Comparaciones odiosas (y desalentadoras)
Poner en números y en fotos la obra de las represas y el edificio más alto y lujoso del mundo es una comparación brutal que pone en evidencia las fallas del sistema argentino.
El Burj Khalifa es el ejemplo de eficiencia en un modelo de monarquía absoluta con recursos ilimitados, mientras que las represas del Río Santa Cruz(Cóndor Cliff-La Barrancosa) son tema de estudio de cómo la política y la burocracia pueden devorar un proyecto. Las diferencias se resumen en tres pilares: Gestión de Capital, Seguridad Jurídica y Planificación Técnica. Allí la tecnología, al ciencia y la eficacia resolvieron un problema geológico con ingenio, inversión y estudio. Acá, ni siquiera los constructores de las represas tuvieron la honestidad de hacer los estudios previos que advirtieran la falla sobre la que se asentaba el dique Cóndor Cliff.
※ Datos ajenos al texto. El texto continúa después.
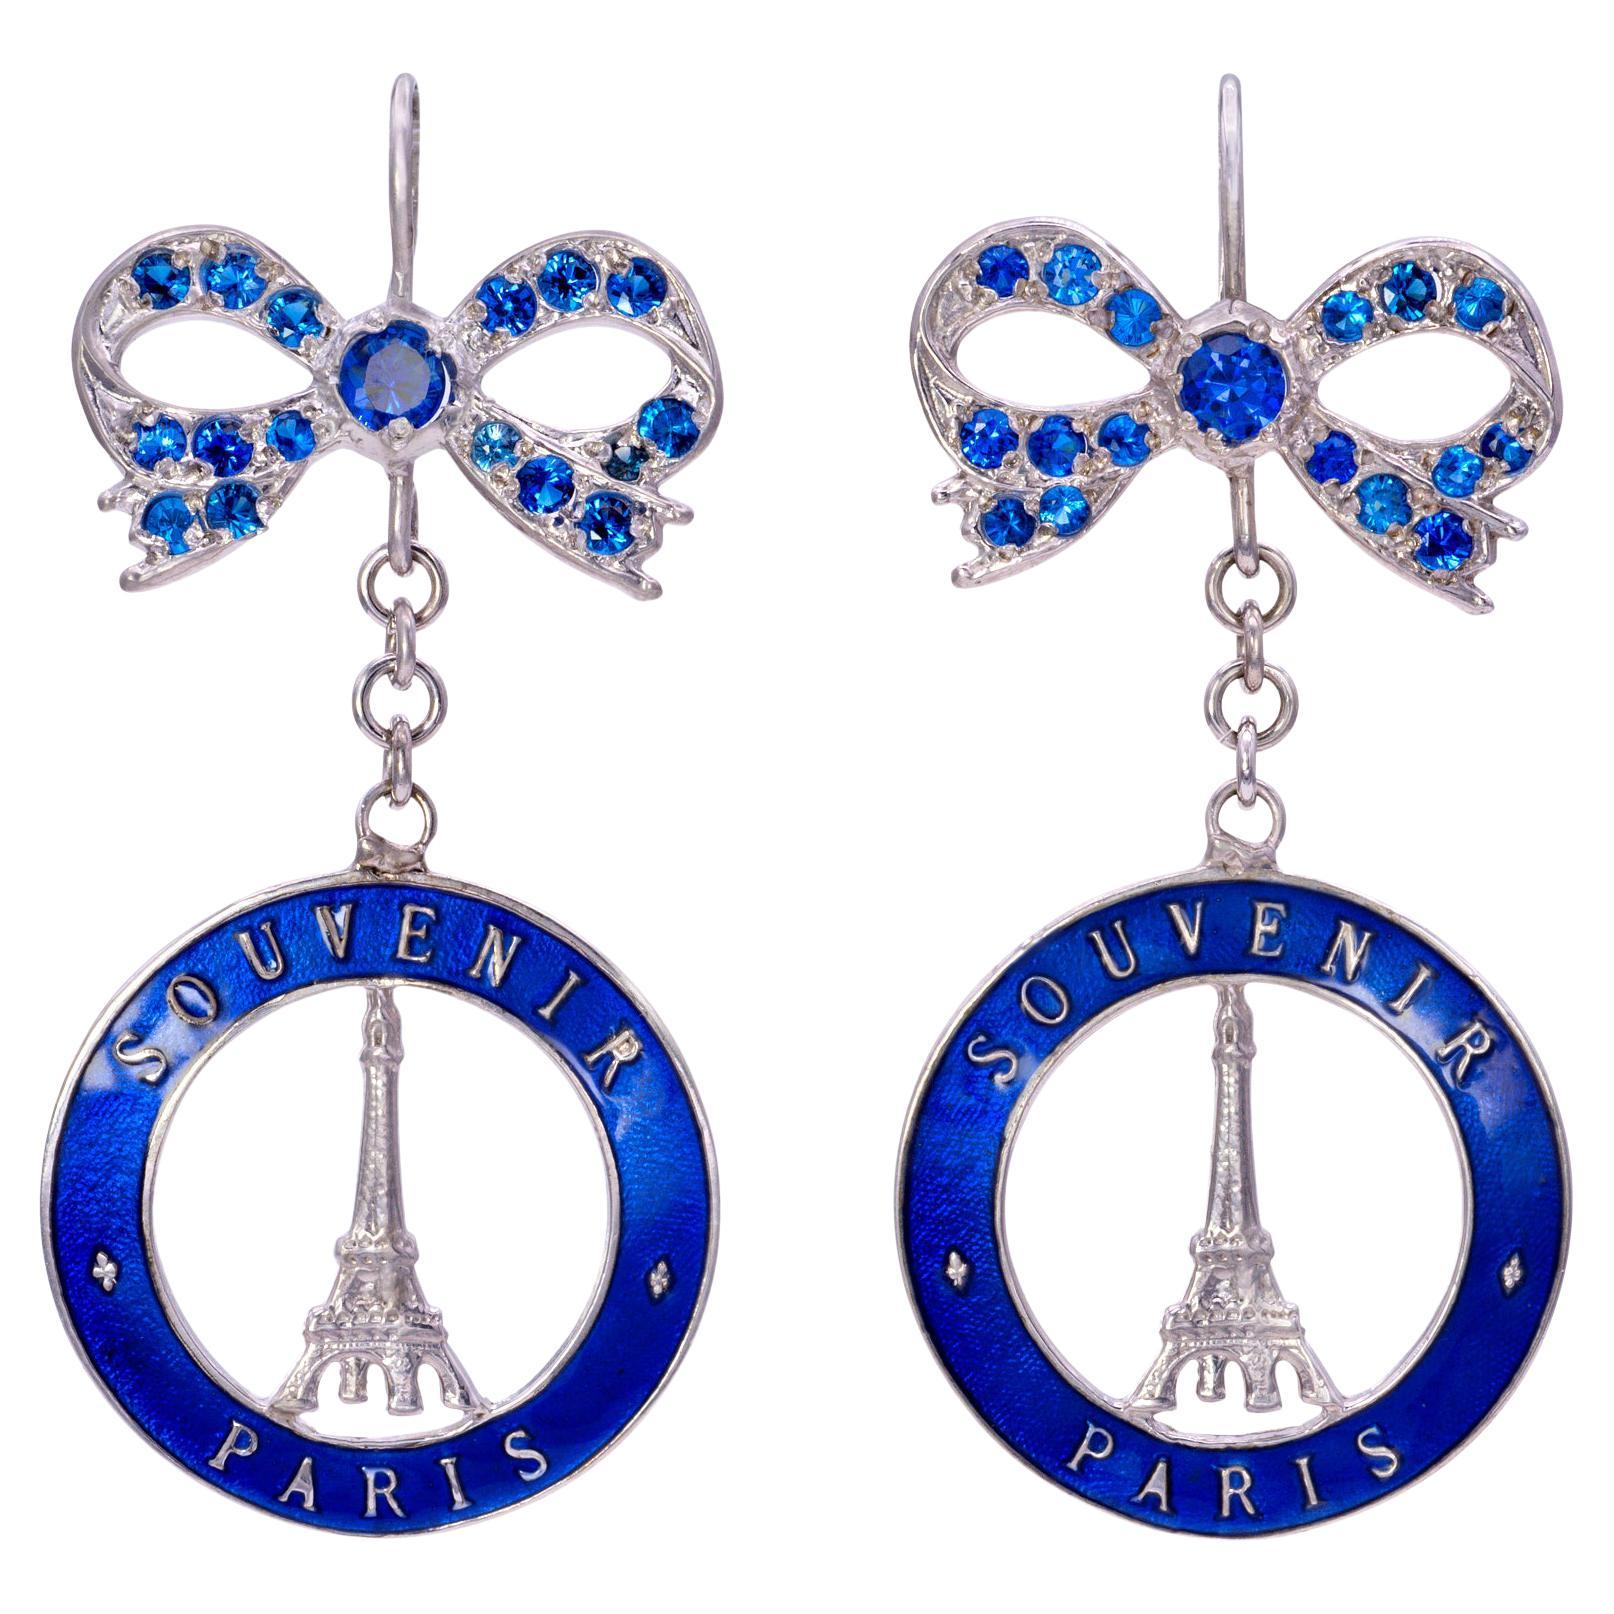 Souvenir de Paris Earrings with Blue Swarovski Crystal bows For Sale

Cuando se produjo el movimiento de suelo que OPI publicó en exclusiva, lo ocultaron, trataron de minimizarlo, escondieron información, inicialmente lo negaron y posteriormente dijeron que era un problema muy grave, al punto que dudan si ese dique va a ser posible construirlo en ese lugar.
El factor “retorno”
No se puede ignorar que, en proyectos de esta magnitud en Argentina, el presupuesto suele incluir un “costo político” que no existe en las planillas oficiales. Ese 40% de avance físico con el 100% del presupuesto original ya gastado indica que el dinero se fue en gastos administrativos, financieros y en desvíos de fondos, mientras que el hormigón sigue esperando.
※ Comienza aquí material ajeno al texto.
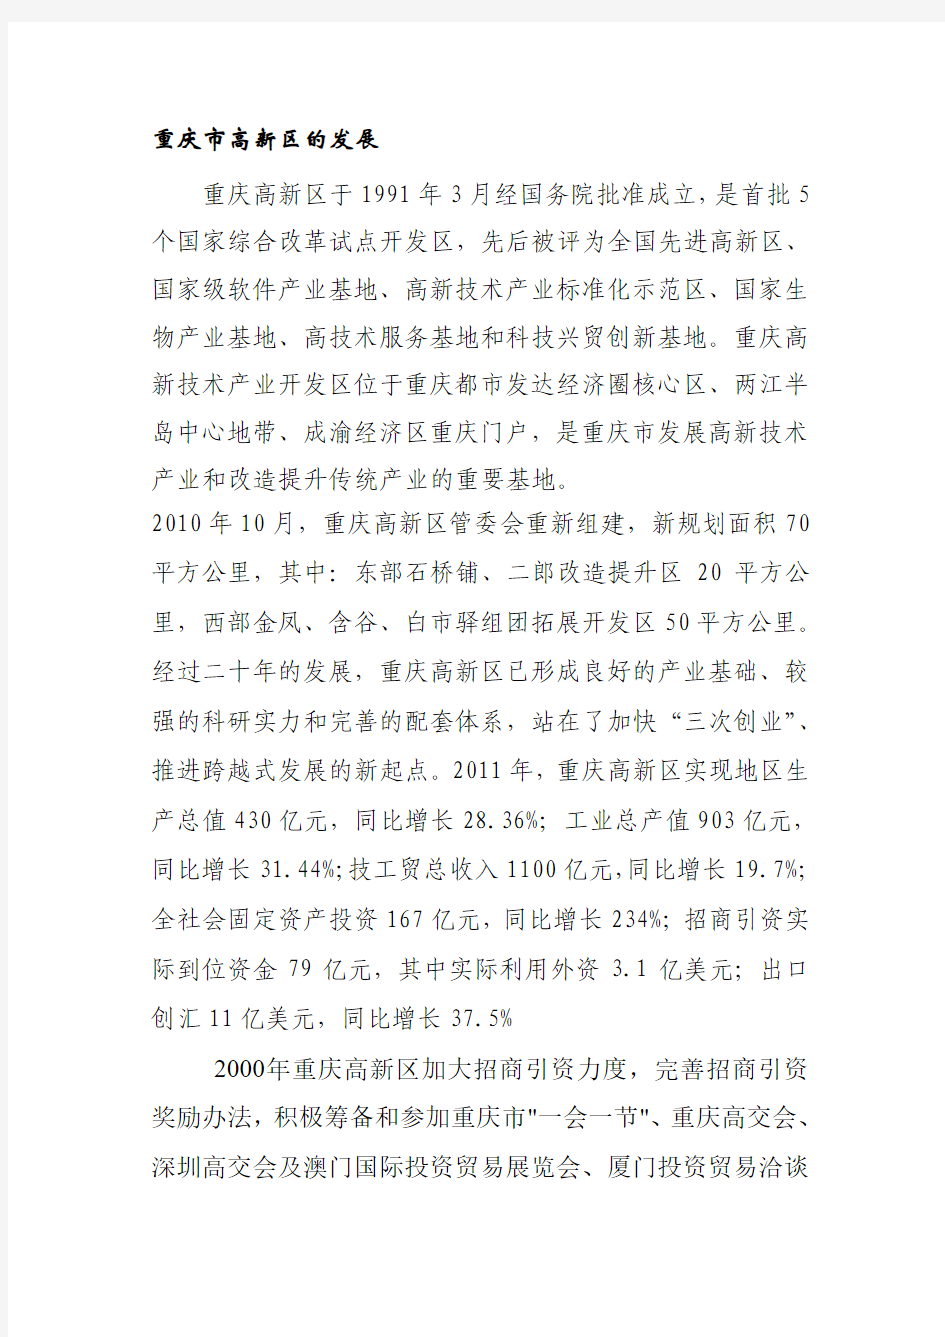 重庆市五大商圈及房地产开发企业前10强

Si las represas terminan costando $4.800 millones, habrán costado más que tres Burj Khalifas. Es una cifra que desafía cualquier lógica de ingeniería civil moderna y nos interpela como sociedad sobre por qué seguimos en silencio y sin exigir respuesta, pero luego nos quejamos de no llegar a fin de mes y carecer de lo básico en un país que es la quinta pradera del mundo, tiene todos los climas, todos los minerales, agua gas y petróleo por doquier, con muy escasa población y el 50% es pobre.
La clase política y “empresaria” vive de maravillas ante la ausencia de un interés público por la corrupción que no solo mata sino que denigra y sepulta la dignidad de los argentinos, que no hemos logrado sacudirnos el yugo elección tras elección de autoeridades y por el contrario, seguimos apostando a un salvador que no llega ni llegará, mientras el verdadero cambio no venga del cuerpo social que se autodepure para nuestros hijos, nietos y bisnietos puedan construir un Burj Khalifa por un tercio de lo que hoy nos cuenta una hidroeléctrica, vetusta, desactualizada en términos de generación de energía, peligrosa ambientalmente y cuyo único fin es servir a los gobiernos como billetera política, funcional al relato contra “la desocupación”, mientras el pueblo duerme la siesta anestesiado por las promesas de que todo va a florecer, en un jardín que presidentes, gobernadores, intendentes y legisladores, se esfuerzan por mantener marchito lo cual se traduce en pobreza, desocupación, endeudamiento y retraso social.